You know, I, I think certainly advertising agencies are really good at thinking creatively. You know, I’m a strategist at heart. I love advertising strategists. These are the folks that, you know, can take obscure data points and weave them together into an interesting insight that brands can, can use to capture consumers hearts and minds as it were. But agency approaches to music and sound have Ty typically been related to commercials. They’re not particularly holistic. And as a result, they’ve never really developed the, the skill set that it takes because it’s not simply about a music supervisor finding the right piece of music. It’s really thinking about all these other elements that we’ve talked about. So there are Sonic branding companies, Sonic identity companies that exist out there that if you’re looking for a Sonic identity, they’re probably best suited for that.

There are some companies that are, are realizing the power of sound, particularly as we’re moving more and more into worlds where we’re interacting, using our voice. So we’re, we’re not just pushing buttons on a touch screen. We’ve got vehicles now that because they’re electric, they don’t make sounds, but that’s a safety issue. So as governments have started to say, your vehicles need to make some kind of sound. Automotive manufacturers have gotten really good at beginning to devise sounds for their electric vehicles that are part of the branding, but also part of our emotional connection. Because if you think about an automobile, how many times have you loved that, that particular sound of, of the engine and the power that you feel when you press on the gas, when you don’t get those sonic cues, it, it changes that perception and that feeling.

So automotive manufacturers are working really hard to produce that sound in artificial ways. But in ways that still trigger these, these reactions.

So Sonic identity companies you know, folks like me that exist in other companies, whether it be in a media company, a platform company, or even at some agencies that are starting to get hip to bringing folks in who are specialised here, not necessarily the broadcast producer, which would’ve been the title at the old agency. But there are often Sonic strategists or sound being part of the strategy that that brands are thinking about now

Pat Murphy:

On the agenda for many marketers right now – very important thing on the agenda – for many marketers is DNI diversity and inclusion. And I hadn’t thought before I spoke to you the other day that you can have diversity in audio.

Tell me more about that.

Steve Keller:

Yeah. I mean, when we think about diversity, very often, we think about diversity and what we see. But the reality is, is that we can perceive ethnicity and race in a voice. Now, the question becomes where do those perceptions come from? And what do the sounds of people’s voices trigger in us?

Pat Murphy:

And it’s, and it’s not just race either.
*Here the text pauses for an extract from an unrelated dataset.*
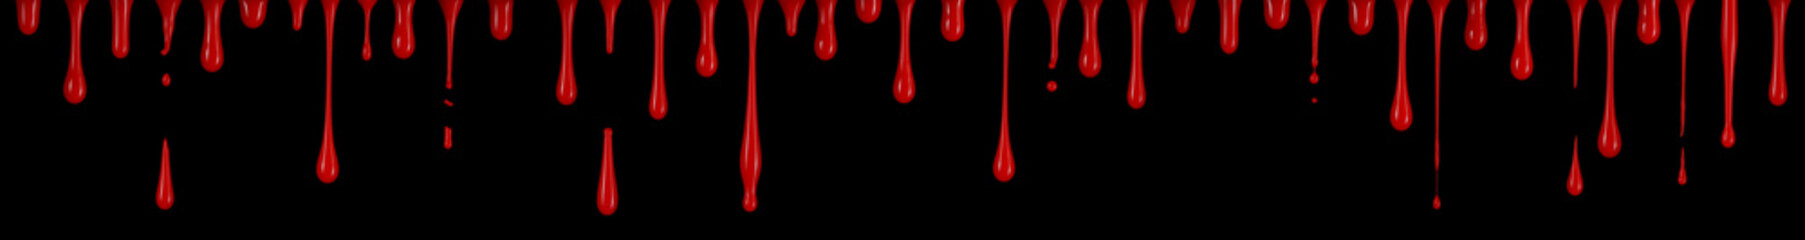 Row of several different blood drips and drops isolated on black.

Is it it’s kind of gender and it’s age, age as well, gender,

Steve Keller:

Gender as well age. There, there are a lot of things that we pick up with yeah. In, in cues, but I’ve been particularly attuned here in the states to how we hear, how we perceive race in voices, and particularly with black voices.

And during the pandemic after the murder of George Floyd and the Black Lives Matter movement it, it pushed me to begin to think about how I was hearing the world. And so I, I spent a lot of time studying this phenomenon learning from academics particularly Jennifer Stover, who wrote a book called the Sonic colour line where she asked this question, you know, ‘what if race wasn’t just something that we saw? What if it was something that we heard?’ and looking at these, these cues and what I discovered in just beginning to do some observation, looking at advertisements, listening to the voices that were chosen was that when ads were directed towards a general market the voices that we heard were predominantly white, it was almost as if we were saying the general market is white. And by extension, the voice of America is white. And particularly in the pandemic, the commercials that we were hearing were often voiced by white voiceover actors. And now we have a pandemic that’s affecting the black community with a greater degree of significance, but we’re not hearing these voices. So that gave me the impetus to get involved with, with trying to change that. Working with Studio Resonate here, doing some research around how we hear voices, the impact of race sonically on ad favorability and effectiveness, and trying to build a business case for diversifying the voices that we hear, because in a very diverse world, it should sound diverse. It shouldn’t just look diverse. And of course, that begins to beg the question then you know, as we identify different voices, what is the sound of a black voice? What is the sound of a white voice?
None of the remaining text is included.